• [The data]
++++

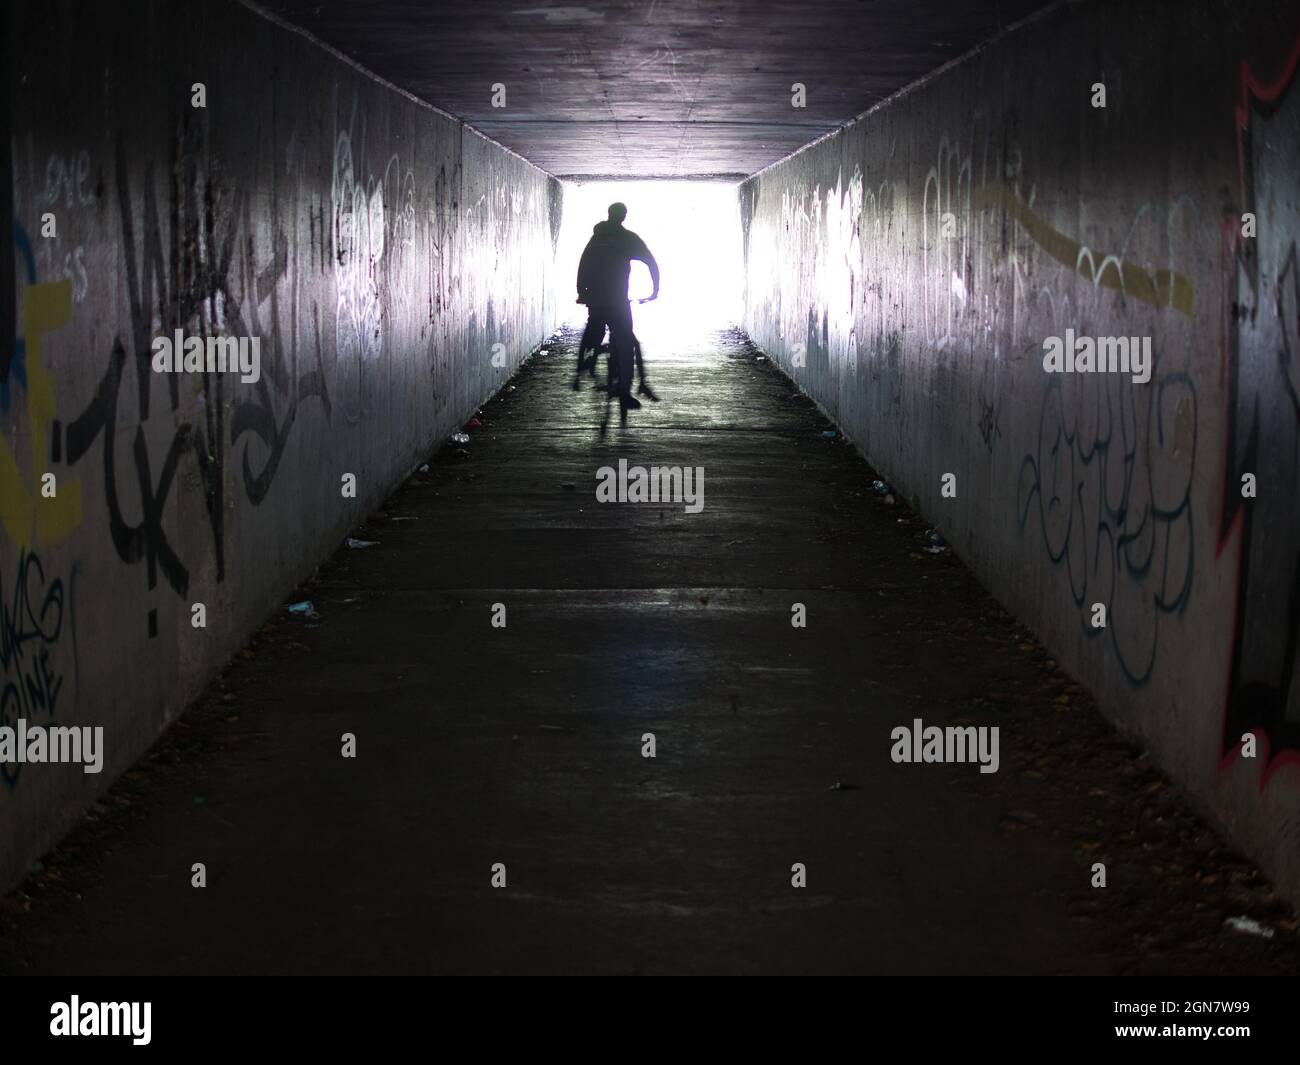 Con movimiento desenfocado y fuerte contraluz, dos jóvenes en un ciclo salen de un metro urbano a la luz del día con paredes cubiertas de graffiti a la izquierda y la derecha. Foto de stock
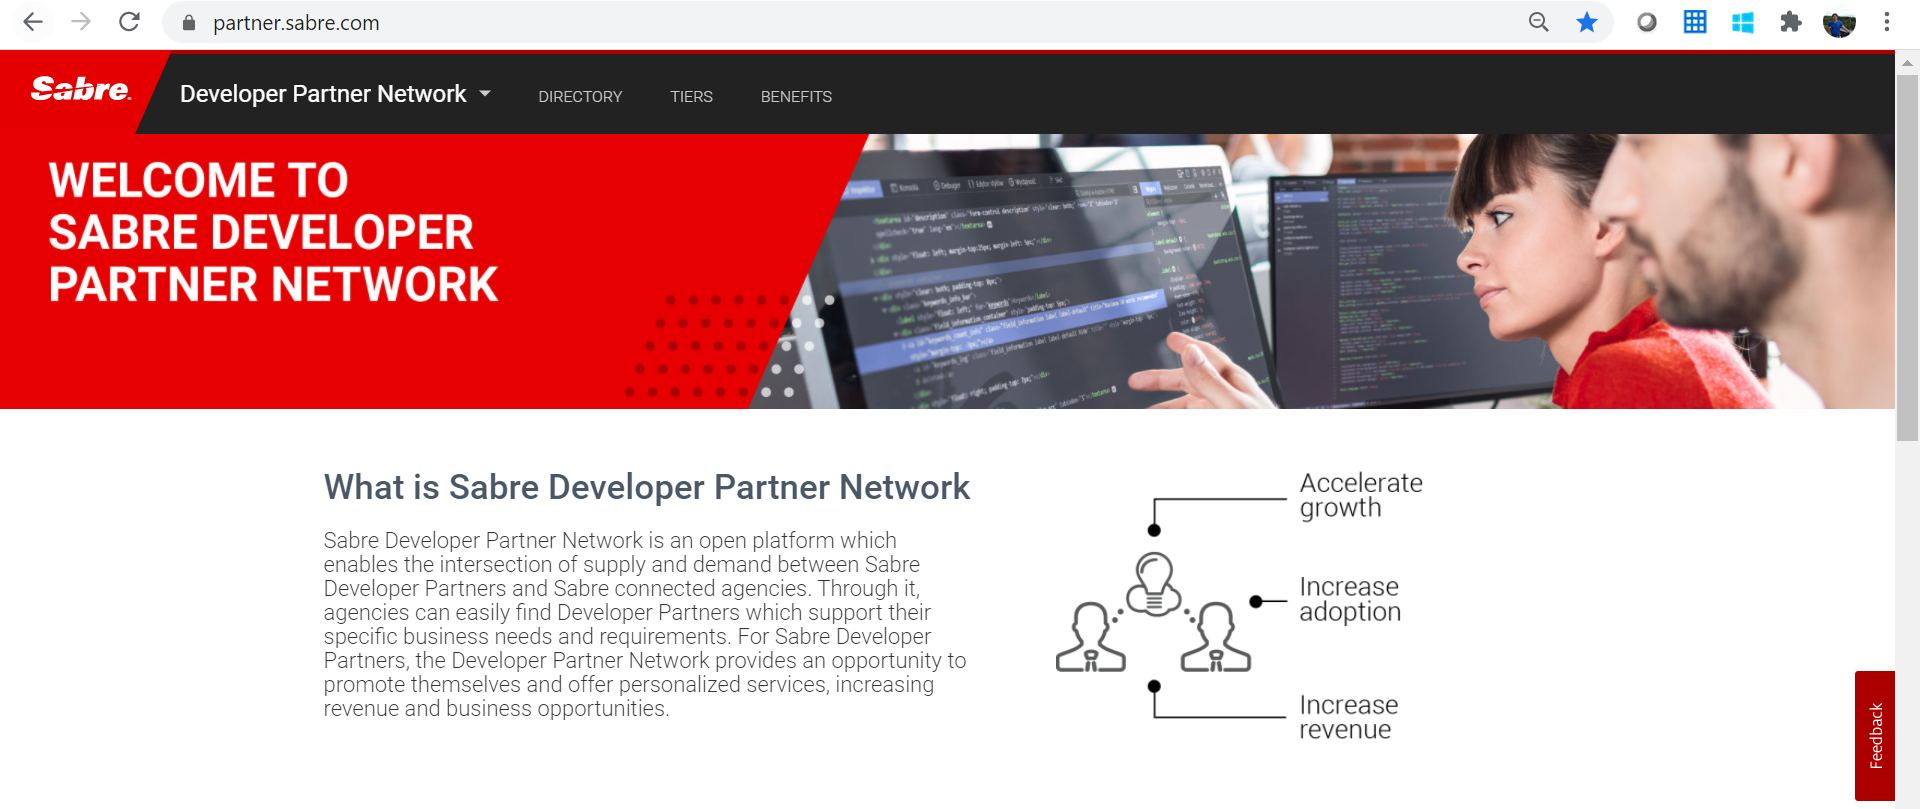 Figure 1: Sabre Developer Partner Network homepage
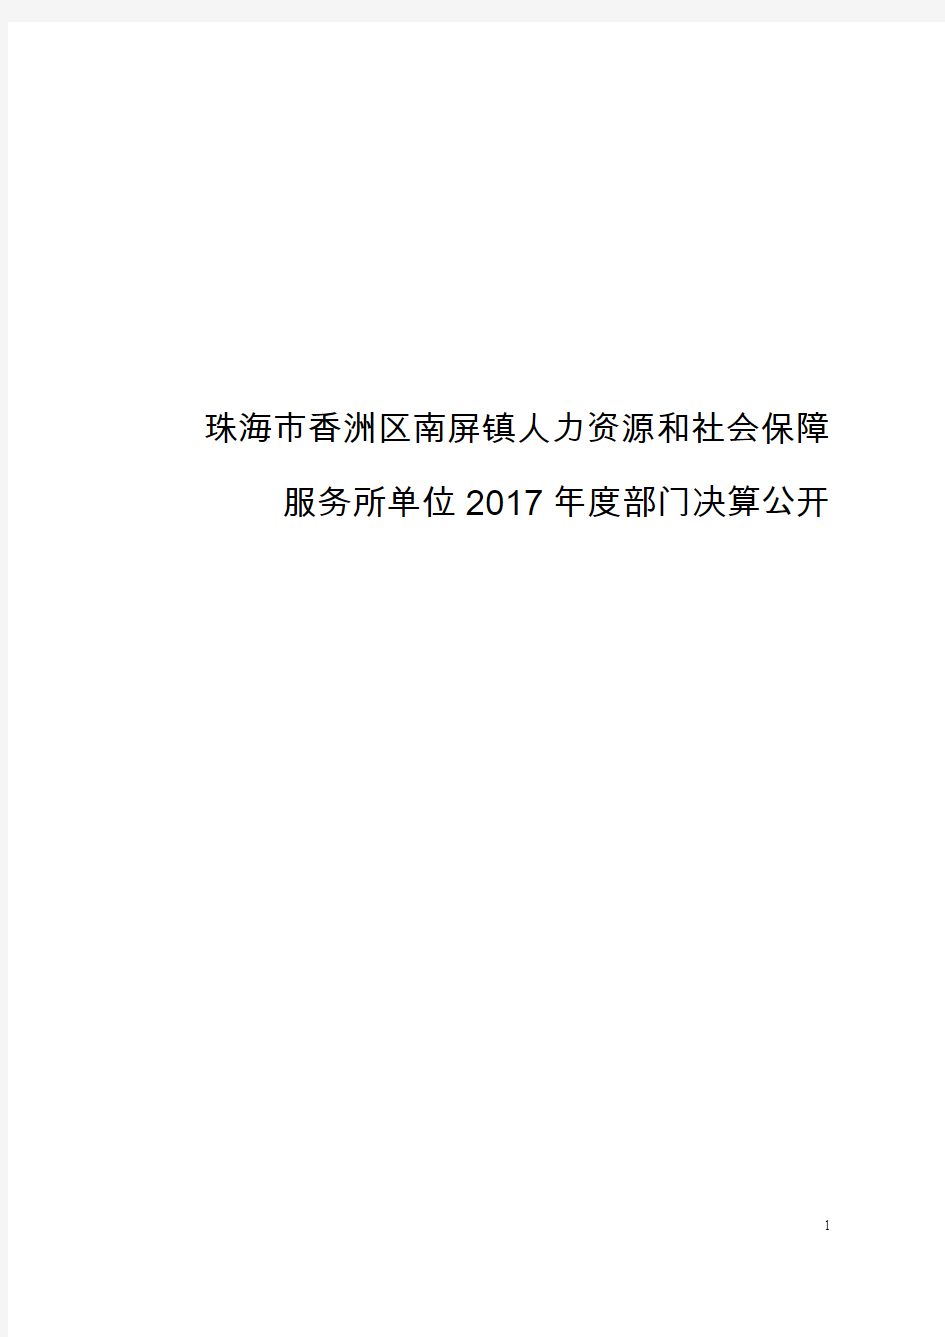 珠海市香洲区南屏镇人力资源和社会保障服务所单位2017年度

++++

• [Work instructions] Strip out the pictures and reproduce the remaining material above exactly.

• [Answer box]
 Con movimiento desenfocado y fuerte contraluz, dos jóvenes en un ciclo salen de un metro urbano a la luz del día con paredes cubiertas de graffiti a la izquierda y la derecha. Foto de stock
 Figure 1: Sabre Developer Partner Network homepage
 珠海市香洲区南屏镇人力资源和社会保障服务所单位2017年度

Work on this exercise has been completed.